### [What is needed]
With pictures left out, output exactly the lines from the line holding "For ASUS VivoBook" through the end of the data, both included.

### [Input data]

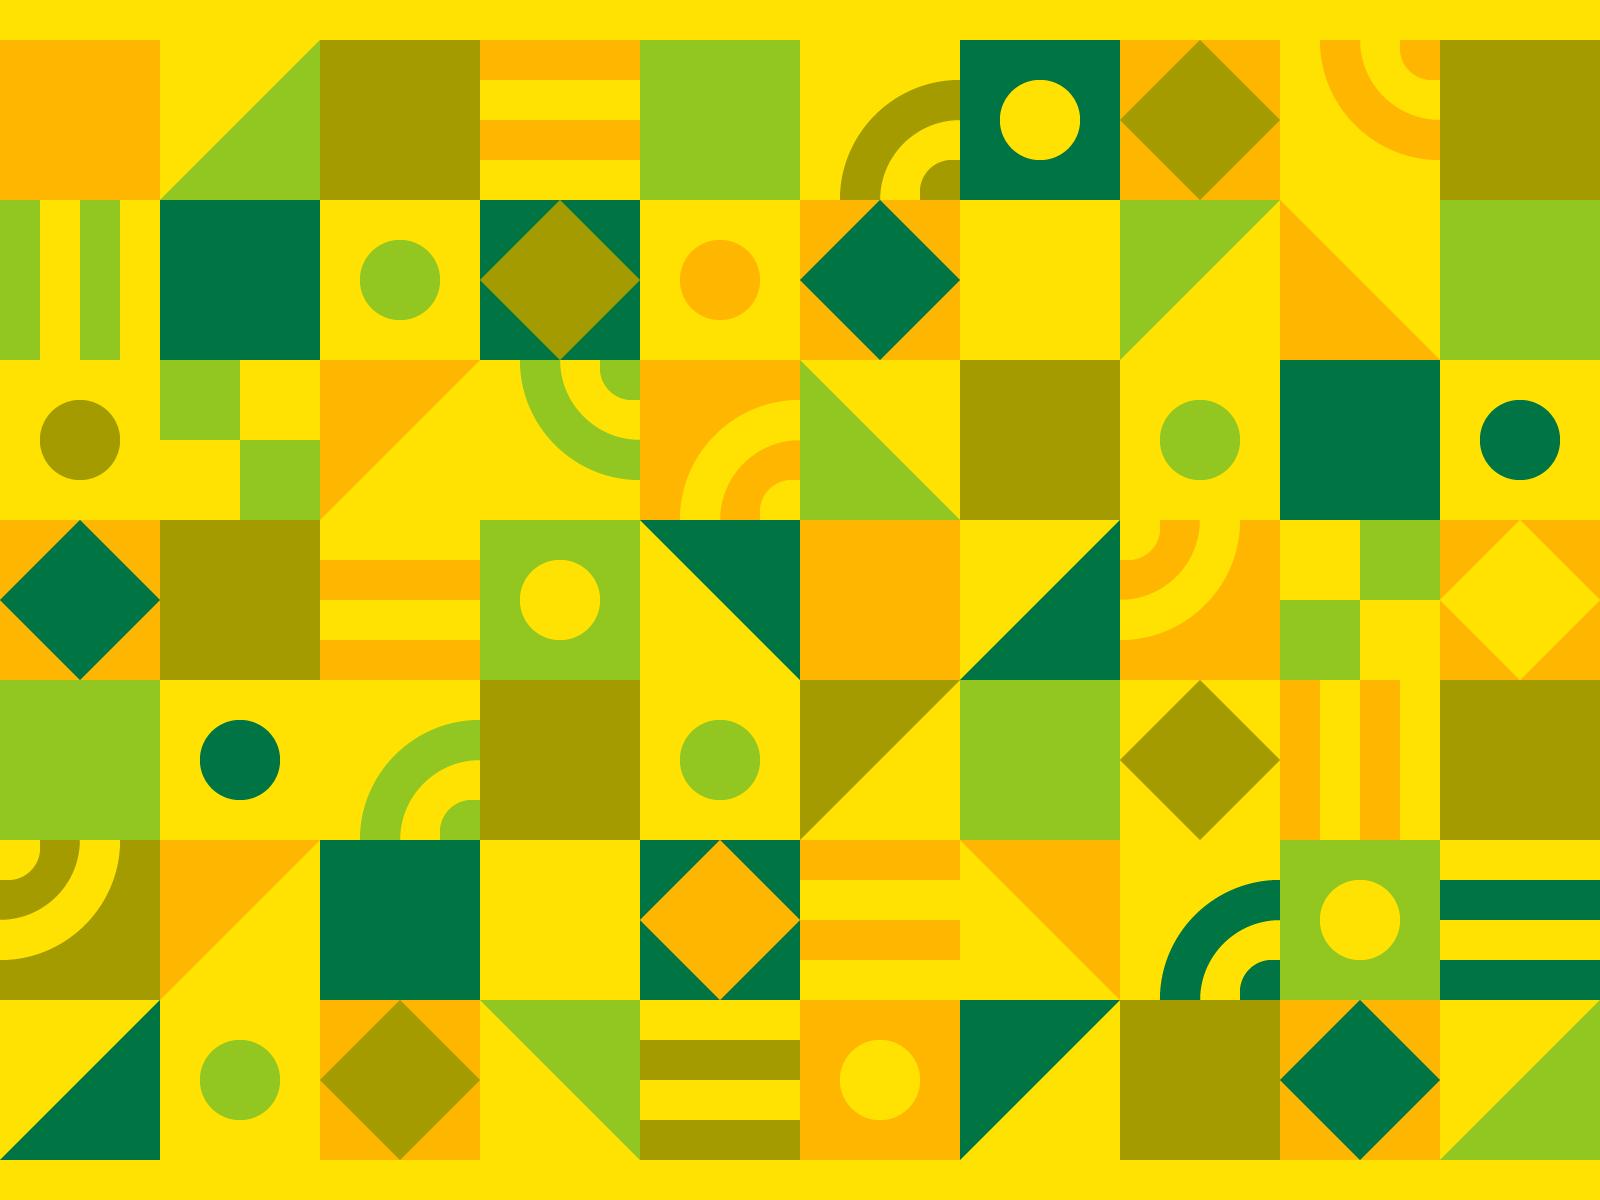 commotion-4-dribbble-alex-pasquarella_4x.png
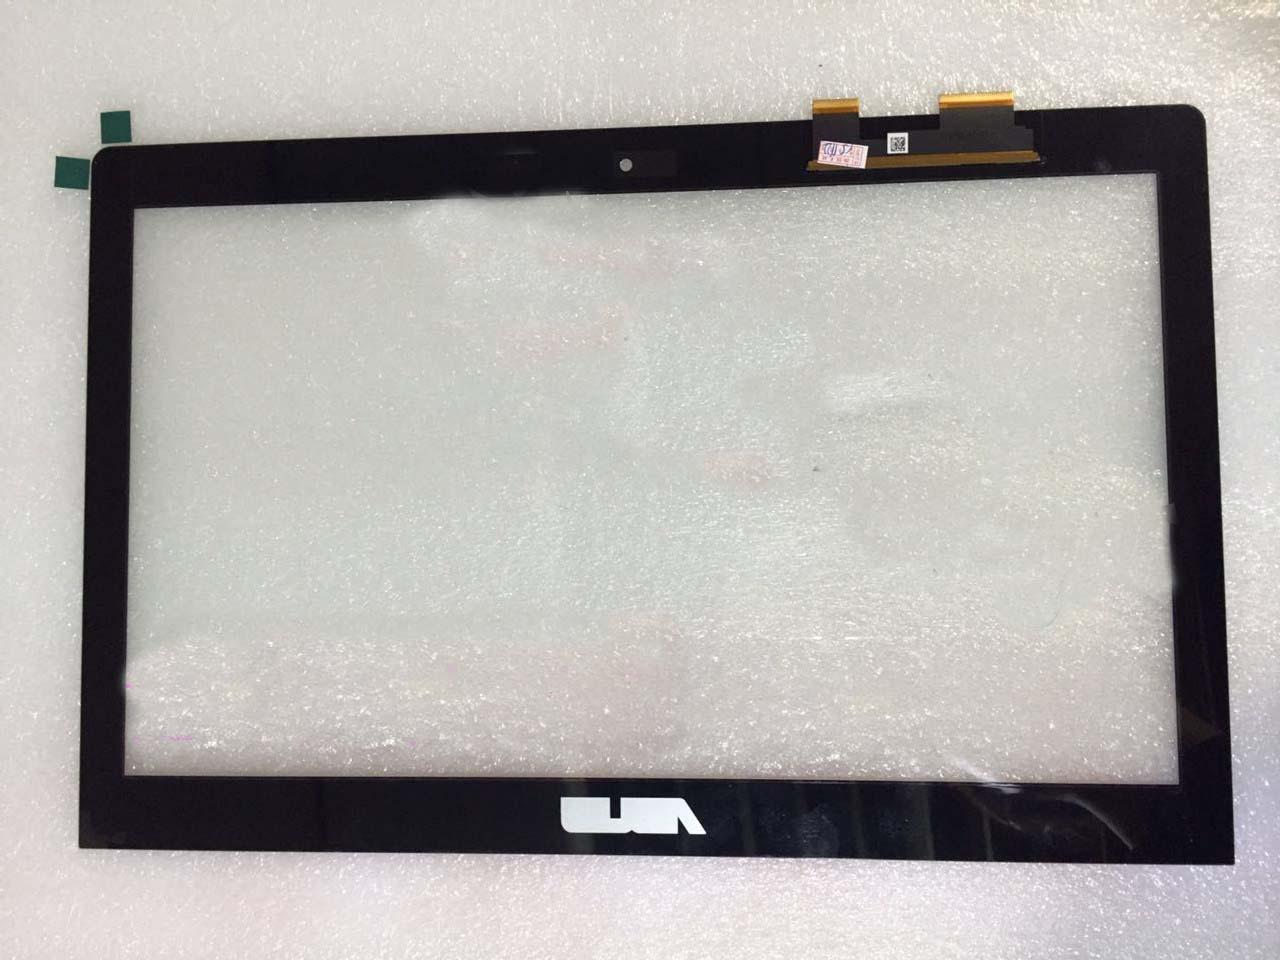 For ASUS VivoBook S400 S400CA Touch Screen Panel Digitizer Glass Lens Sensor TCP14F21 V1.1 version free shipping
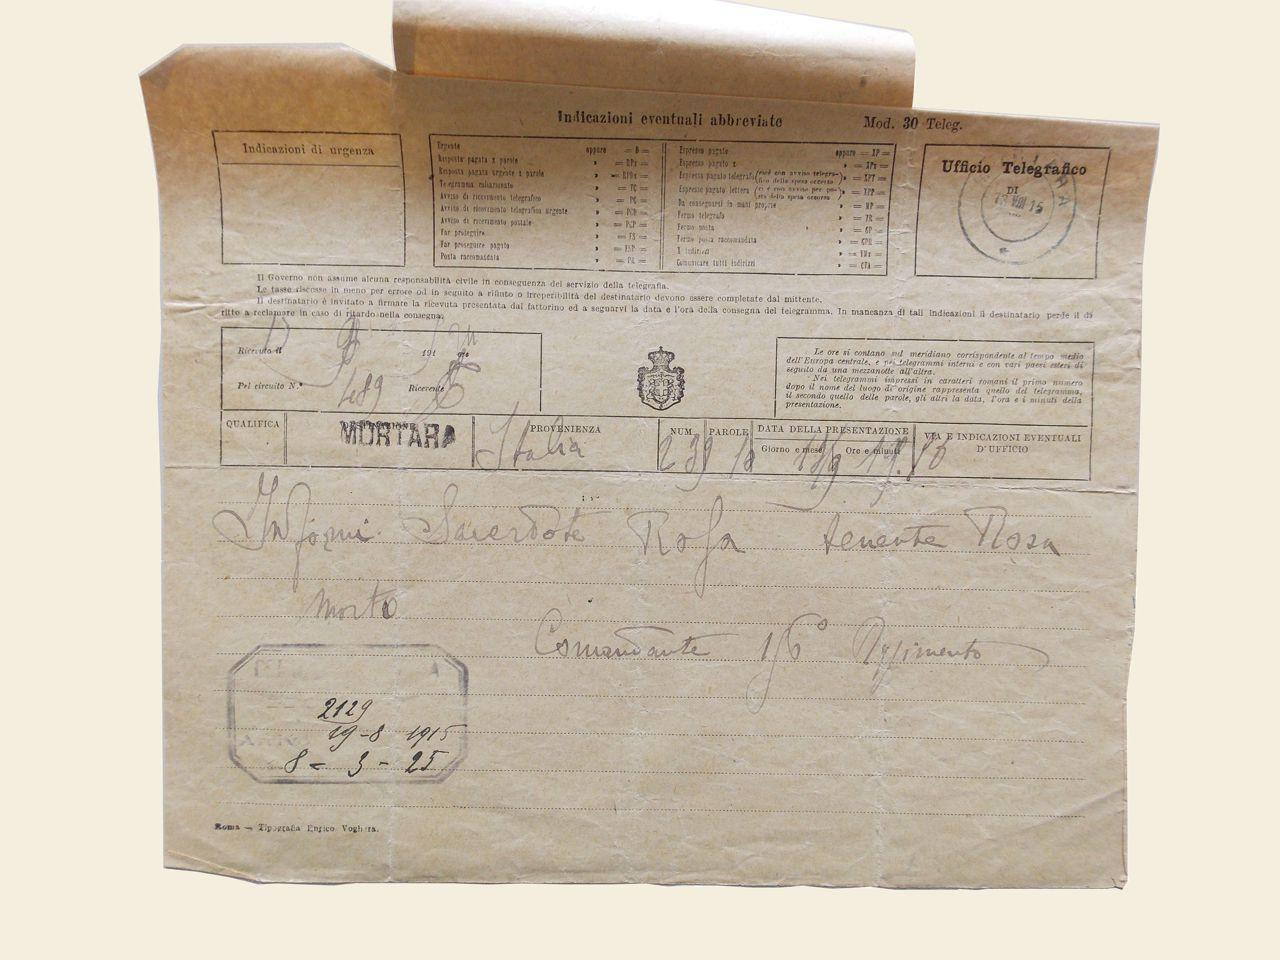 telegramma-avvenuto-decesso-rosa-giuseppe

### [Exercise result]
 For ASUS VivoBook S400 S400CA Touch Screen Panel Digitizer Glass Lens Sensor TCP14F21 V1.1 version free shipping
 telegramma-avvenuto-decesso-rosa-giuseppe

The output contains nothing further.